On 2018/7/19 11:36, Dominique Martinet wrote:
> piaojun wrote on Thu, Jul 19, 2018:
>>> piaojun wrote on Wed, Jul 18, 2018:
>>> That's not a fast path operation, I don't mind changing things but I'd
>>> like to understand why - these functions are only ever called at unmount
>>> time or when something happens on the virtio bus (probe will happen on
>>> probing on the pci bus and I'm not too sure on remove but probably pci
>>> removal i.e. basically never?)
>>>
>>> I don't see why this wouldn't work, but I won't take this without a
>>> (good?) reason.
>>>
>> virtio_9p_lock is responsable for protecting virtio_chan_list which has 3
>> operation:
>>
>> 1. Add a virtio chan to virtio_chan_list. This will happen when we insmod
>> 9pnet_virtio.ko:
>> p9_virtio_probe
>> --list_add_tail(&chan->chan_list, &virtio_chan_list);
>>
>> 2. Remove a virtio chan. This will happen when remnod 9pnet_virtio.ko:
>> p9_virtio_remove
>> --list_del(&chan->chan_list);
>>
>> 3. Find a unused virtio chan when mount 9p:
>> mount
>> --p9_virtio_create
>> --list_for_each_entry(chan, &virtio_chan_list, chan_list)
>>
>> Multi mount process will compete for virtio_9p_lock when finding unused
>> virtio chan, in which case mutex lock will cause process sleep and wake
>> up. I think this a waste of CPU time. So we could use spin lock to avoid
>> this.
>
> Well, sure, that's theory; but how is that in practice?

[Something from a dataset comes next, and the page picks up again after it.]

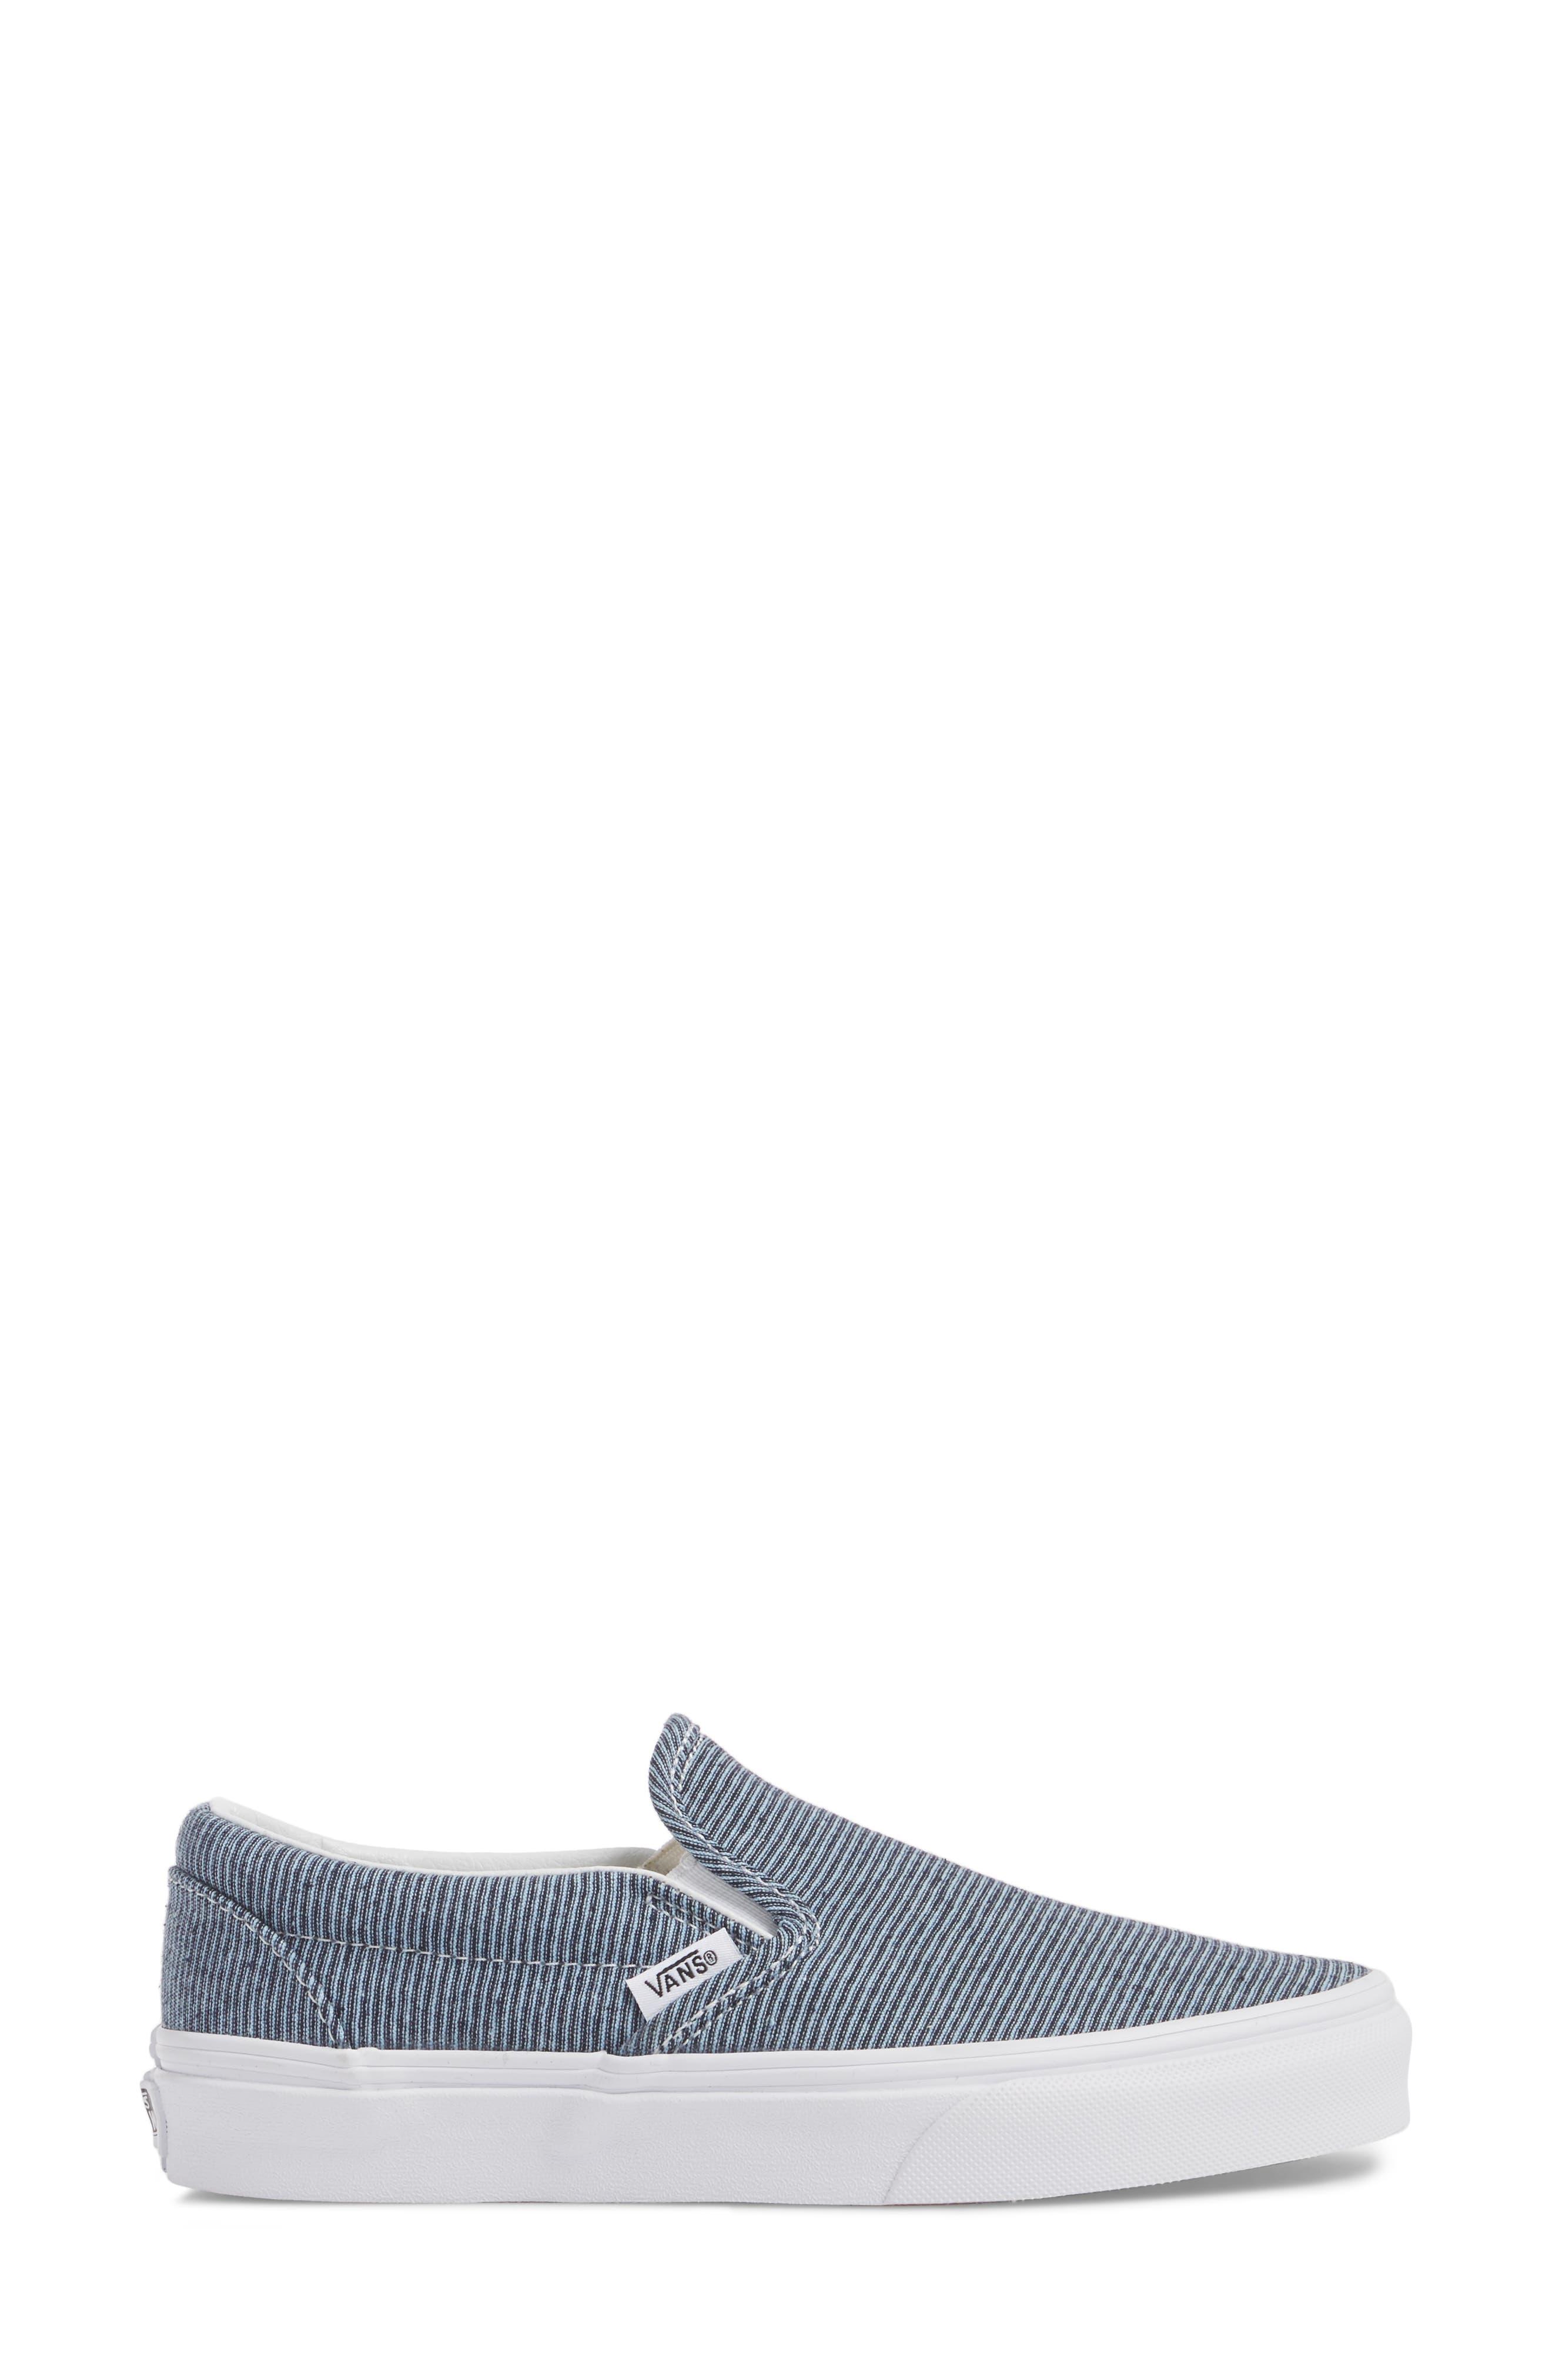 ,                             Classic Slip-On Sneaker,                             Alternate thumbnail 155, color,                             422

> I actually took the time to run some tests, setting up 20 virtio mount
> points in qemu, and running this command with and without your patch:
> # time sh -c 'for i in {1..20}; do
> sh -c "for j in {1..100}; do
> mount -t 9p d$i d.$i;
> umount d.$i;
> done" &
> done;
> wait'
>
> This is quick & dirty but basically, mounts and unmounts 100 times in a
> loop all 20 mount points in parallel to stress that lock.

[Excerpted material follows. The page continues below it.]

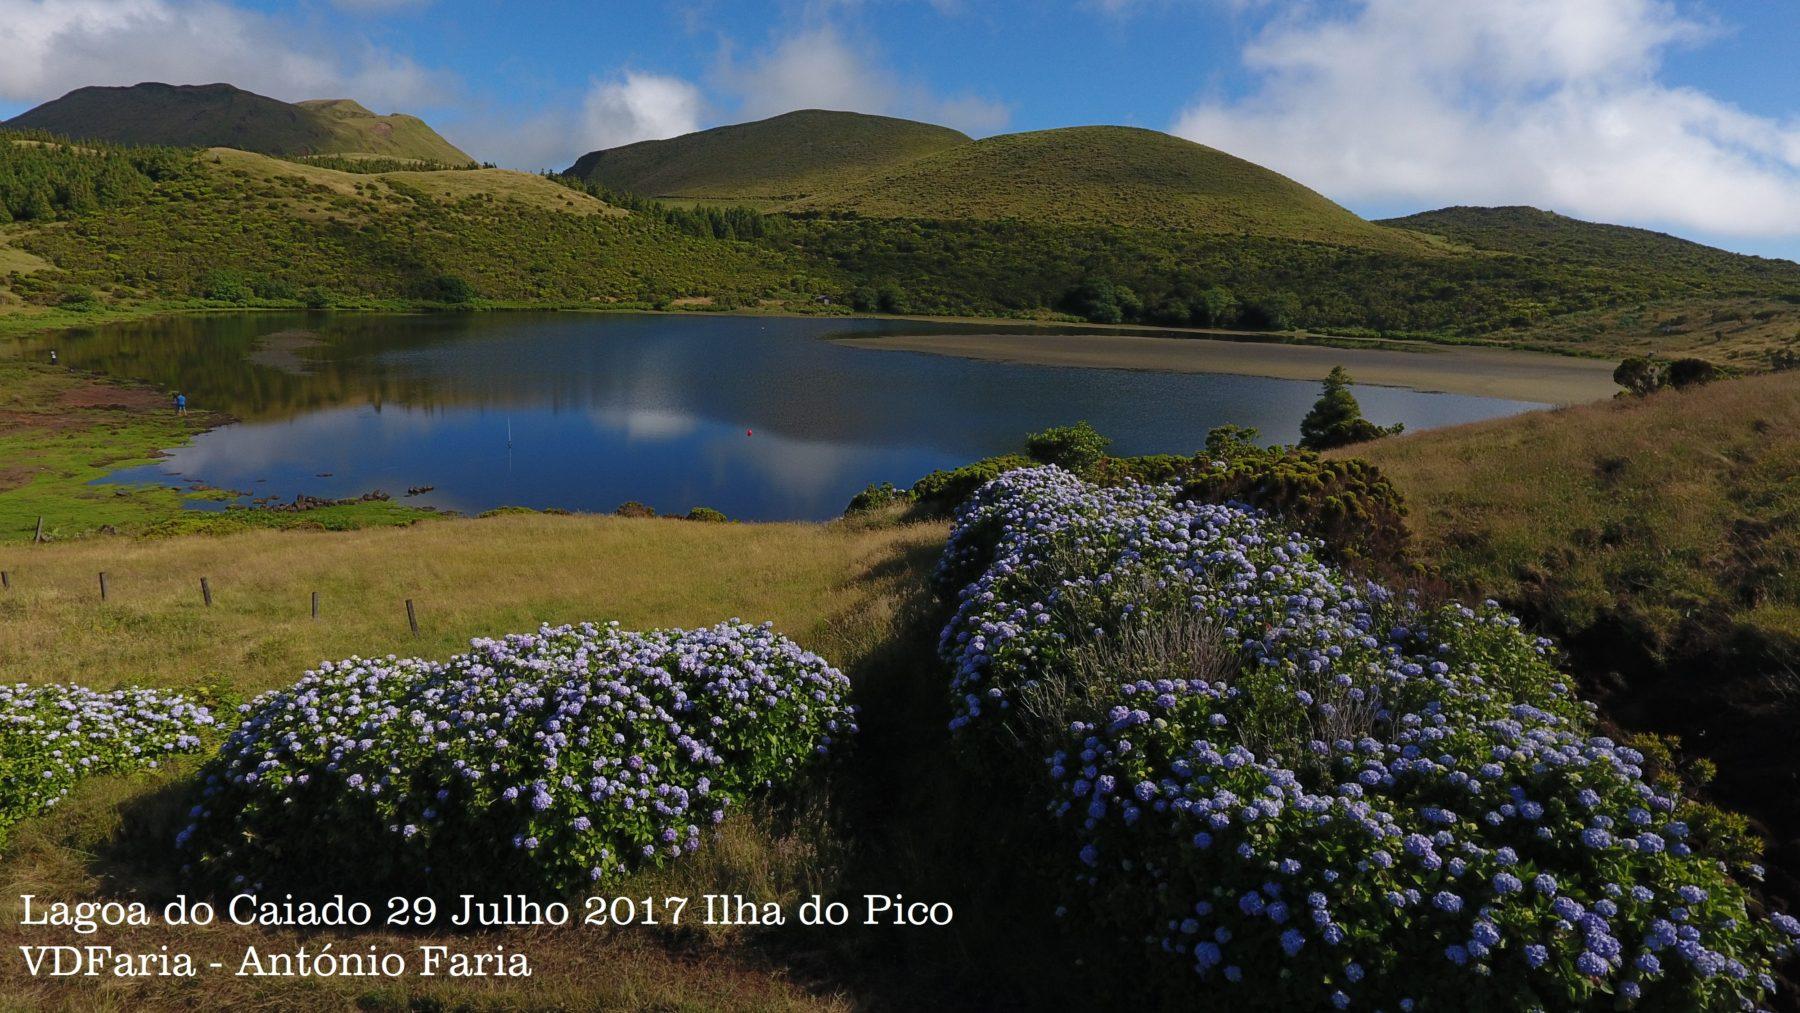 Lagoa do Caiado, Ilha do Pico

> I get these times 5 times (one run per column),
> without patch:
> real 0m19.357s 0m19.626s 0m19.904s 0m19.926s 0m21.321s
> user 0m6.795s 0m6.874s 0m6.807s 0m6.768s 0m6.892s
> sys 0m29.936s 0m31.196s 0m31.702s 0m31.914s 0m30.791s
>
> With patch:
> real 0m19.439s 0m19.849s 0m19.683s 0m19.600s 0m20.689s
> user 0m6.948s 0m6.582s 0m6.706s 0m6.598s 0m6.876s
> sys 0m29.364s 0m30.898s 0m30.695s 0m31.311s 0m33.391s
>
> I honestly can't say I'm convinced with a difference either way, the
> variations look more like noise than anything to me.
>
>
> More to the point, while these tests ran my dmesg buffer was filled with
> errors like:
> FS-Cache: Duplicate cookie detected
> FS-Cache: O-cookie c=0000000000368cdb [p=00000000548b03c2 fl=222 nc=0 na=1]

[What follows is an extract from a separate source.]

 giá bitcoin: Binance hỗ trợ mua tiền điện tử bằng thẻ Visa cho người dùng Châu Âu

> FS-Cache: O-cookie d=000000004cebd15f n=00000000029a0b83
> FS-Cache: O-key=[10] '34323935303838343536'
> FS-Cache: N-cookie c=00000000d4089478 [p=00000000548b03c2 fl=2 nc=0 na=1]
> FS-Cache: N-cookie d=000000004cebd15f n=00000000959d4d37
> FS-Cache: N-key=[10] '34323935303838343536'
>
> or
> (output mangled a bit)
>
> ==================================================================
> BUG: KASAN: use-after-free in p9_client_cb+0x14d/0x160 [9pnet]
> Read of size 8 at addr ffff88003522a088 by task systemd-udevd/492
>
> CPU: 1 PID: 492 Comm: systemd-udevd Tainted: G O 4.18.0-rc5+ #9
> Hardware name: QEMU Standard PC (i440FX + PIIX, 1996), BIOS ?-20180531_142017-buildhw-08.phx2.fedoraproject.org-1.fc28 0>
> Call Trace:
> <IRQ>
> dump_stack+0x7b/0xad
> print_address_description+0x6a/0x209
> ? p9_client_cb+0x14d/0x160 [9pnet]
> kasan_report.cold.7+0x242/0x2fe
> __asan_report_load8_noabort+0x19/0x20
> p9_client_cb+0x14d/0x160 [9pnet]
> req_done+0x22f/0x280 [9pnet_virtio]
> ? p9_mount_tag_show+0x120/0x120 [9pnet_virtio]
> vring_interrupt+0x108/0x1b0 [virtio_ring]
> ? vring_map_single.constprop.23+0x350/0x350 [virtio_ring]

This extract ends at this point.